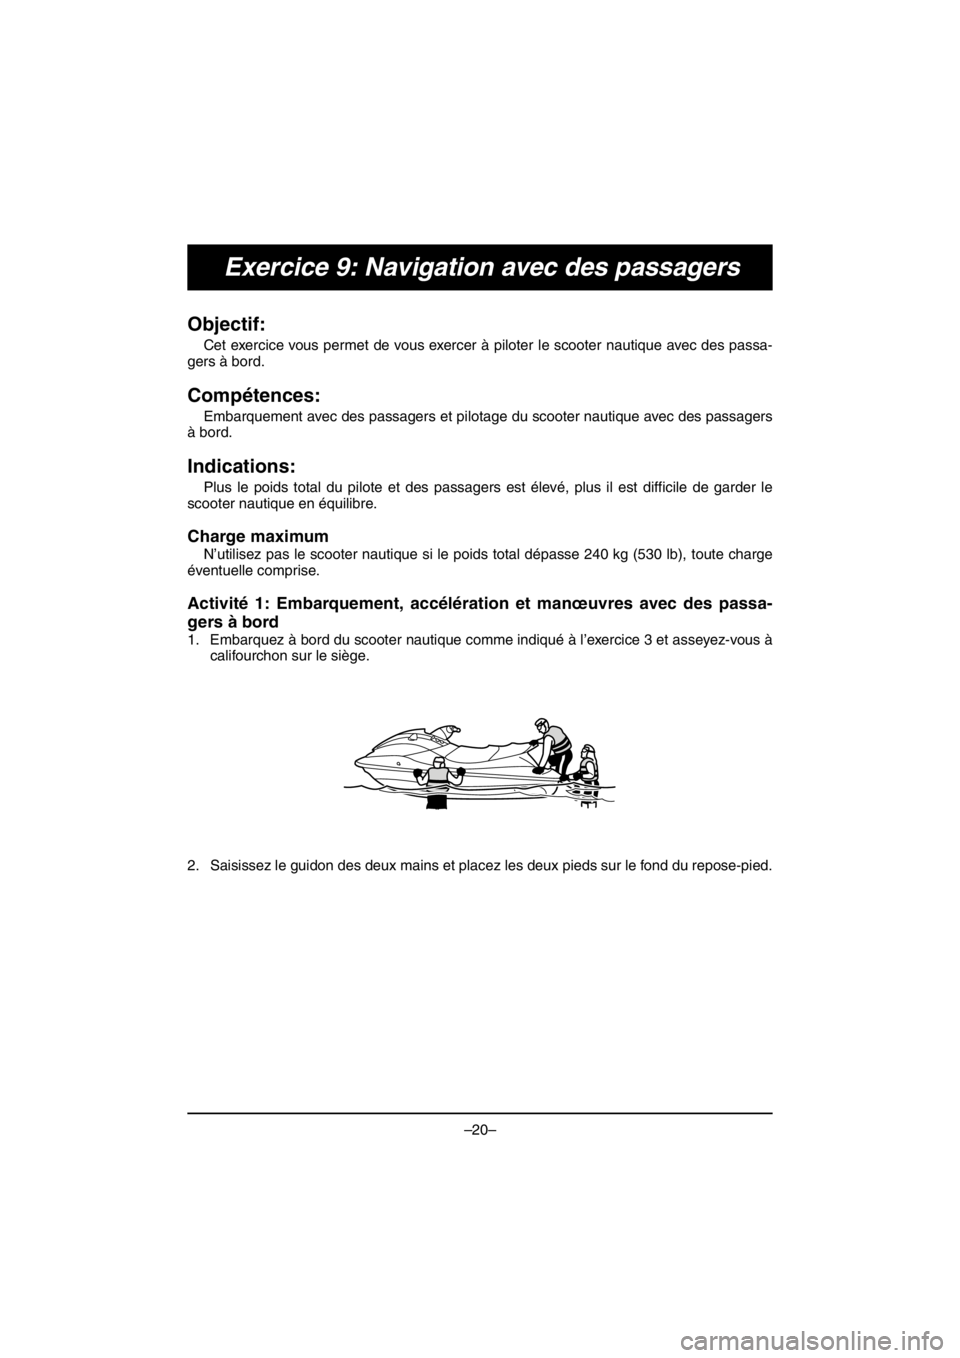 YAMAHA VX DELUXE 2016  Notices Demploi (in French) –20–
Exercice 9: Navigation avec des passagers
Objectif: 
Cet exercice vous permet de vous exercer à piloter le scooter nautique avec des passa-
gers à bord.
Compétences: 
Embarquement avec des

•••

What the exercise asks | Please write out the whole listing exactly, but not the pictures in it.

Your solution |
 YAMAHA VX DELUXE 2016  Notices Demploi (in French) –20–
Exercice 9: Navigation avec des passagers
Objectif: 
Cet exercice vous permet de vous exercer à piloter le scooter nautique avec des passa-
gers à bord.
Compétences: 
Embarquement avec des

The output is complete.